Sounds good! Also sounds like the drummer was the engineer. :-)
Old 8th September 2019
  #9
Lives for gear
Quote:
Originally Posted by GreySlothStudio View Post
These demo’s should show anybody on a very tight budget that you can truly produce great sounding demo tracks utilizing a bottom-barrel mixer, standard mic’s found at literally any music shop, wothout wasting money on budget condensers.
Interesting that you think low-end dynamics and interfaces are fine but low-end condensers aren't. ? Agree to disagree there. Of course it depends on the specifics.
Old 10th September 2019
  #10
Quote:
Originally Posted by bill5 View Post
Interesting that you think low-end dynamics and interfaces are fine but low-end condensers aren't. ? Agree to disagree there. Of course it depends on the specifics.
I believe that seldom does a truly low end condenser (MXL 990 for example) represent a great bang-for-your-buck value or output/sound. However, a $90 used dynamic mic can apparently sound good and not need much in the way of EQ and compression to represent an entire drum kit.

I am very much in to the iSK pearls, btw. I think that for $29, they truly do represent great value and can capture some great tones.

I think my overall point was that the $100 for a low end condenser would be better spent (by far) on a used dynamic mic, OR a used Behringer mixer. The preamps are useable. The EQ is usable. I think that preamps being gain stages for microphones can be made WELL or SOLIDLY for next to near nothing in a Chinese sweat shop by Behringer. What I cannot say from my own hearing is that my money would be better spent on one cheap condenser vs a Behringer Xynyx series or vs a used Audix dynamic mic or Sennheiser dynamic mic.

I mean let’s simplify even more - could the average listener care to gain that 16 to 20khz range but have it sufferingly brittle (in comparison with an Audix D2 or i5 and say an MXL 990 or MXL 440 etc etc). Should the mid range realism of good dynamic mic be given up for the overall widening of responsive frequency range?? When we speak with such limitations and budgeting on the gear, I find I could not find a better 4-Channel preamp and DI set up for $20 (on Craigslist or GuitarCent Used online store). The preamp quite frankly will mot do dick when using a mega-cheap condenser... I mean think about it logically: How can maximizing realism, signal clarity, frequency response, dynamic handling, noise level, overall headroom, and dynamic range matter at all when the source is being captured by a truly bottom of the barrel condenser?
For the price of a Xenyx mixer and an Audix D2 or D4 on the used market one could not even afford to buy a cheap condenser then maximize its with high-end preamps.

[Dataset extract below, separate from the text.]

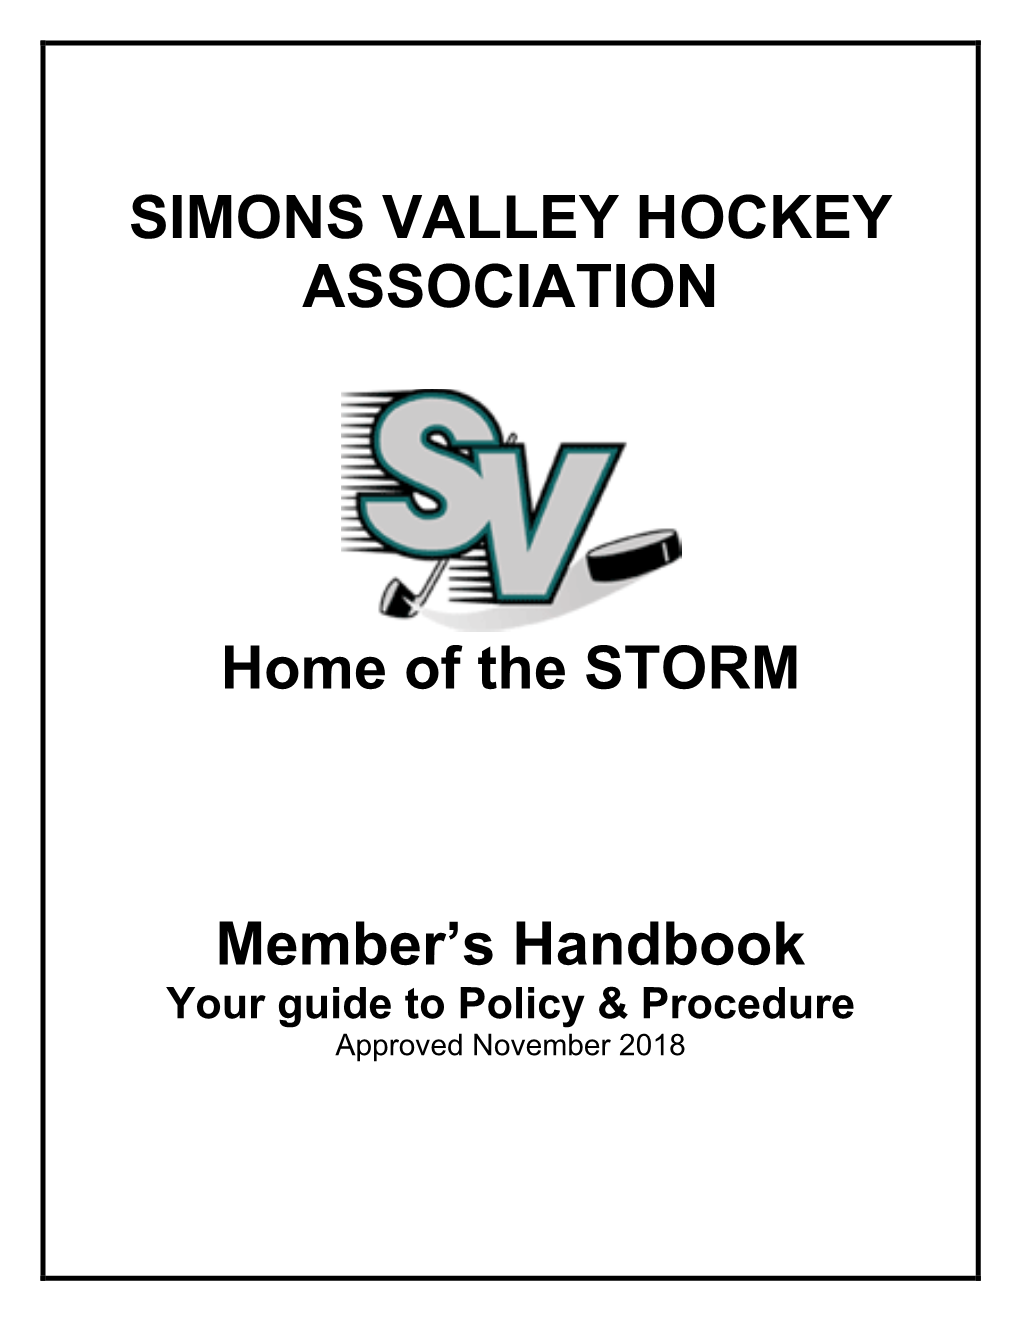 SVHA Members Handbook

I have recorded great sounding drum demos with Sterling ST51’s as overheads but that was NOT live, those were used as a stereo pair, they were recorded as multi-tracks via a Tascam or Zoom USB device (not an RCA stereo out to my 1/8” mic in jack on a stock Mac sound board) , and were properly/duely processed via high quality DAW plug-ins, not Behringer Xenyx channel strips.

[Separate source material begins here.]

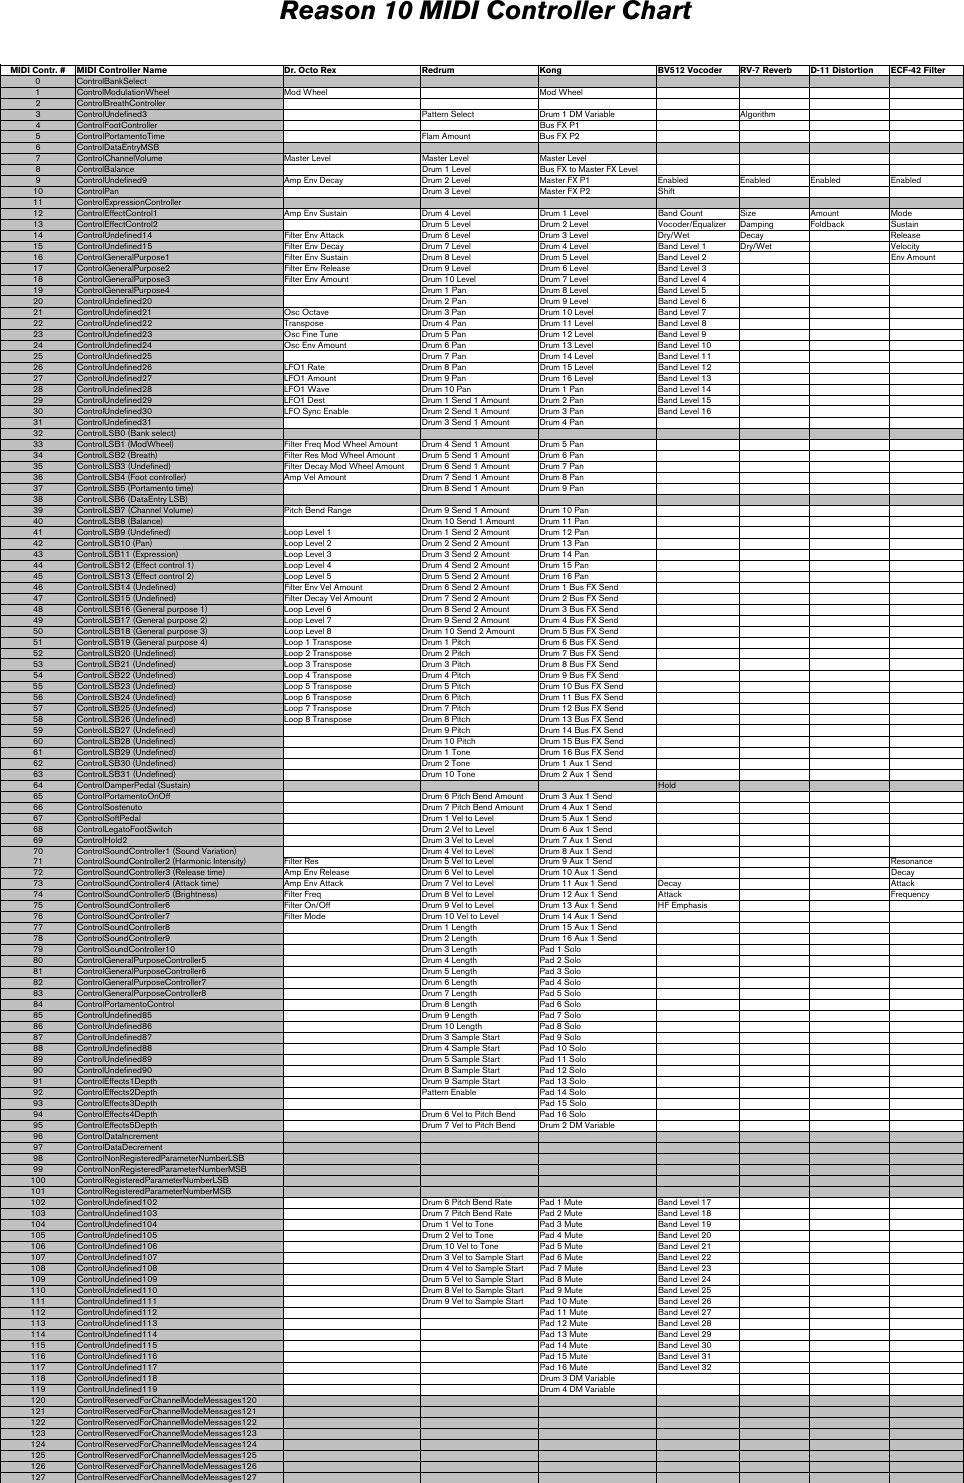 Page 6 of 9 - Reason 10 MIDI Implementation Chart - 10.0 EN

I just find dynamic mic’s can run much cleaner with all other factors evened compared to similarly priced condensers.
I also find a $20 mixer to be unmatched if you need 4 preamps, and a DI outputted to your Mac’s mic/line jack.

However - two iSK Pearls would have sounded great too. One on kick, on on kit. I just believe that the dynamic mics offer better performence when multi-tracking and full DAW editing in a live performence aren’t available.

Idk... honestly **** it all. To each their own! I just care that YOU find a great snappin’ snare tone and a killer guitar sound, and that YOU find a consistent way to well record these sources to your own satisfaction!

And lol yes the drummer was the engineer (me and me! - in relply to the other poster)
Old 10th September 2019
  #11
Lives for gear
Comparing dynamic and condenser mics of the same price isn't the same as saying "low end dynamics" vs "low end condensers." The condensers cost more on average so you have to allow for that. There are very few condensers (excluding obscure Chinese sweat shop type stuff) at or under $100, but quite a few dynamics. Given that, there are IMO a number of good condenser mics in the lower end, though maybe not the bottom of the barrel end, which I would say about dynamics too.
Old 10th September 2019
  #12
Gear Addict
 
stixstudios's Avatar
Quote:
Originally Posted by Brent Hahn View Post
Sounds good! Also sounds like the drummer was the engineer. :-)
Sounds good to me too. Although I can't help but feel it may have benefited if the bass guitarist was the engineer.
Old 4 weeks ago
  #13
Quote:
Originally Posted by stixstudios View Post
Sounds good to me too. Although I can't help but feel it may have benefited if the bass guitarist was the engineer.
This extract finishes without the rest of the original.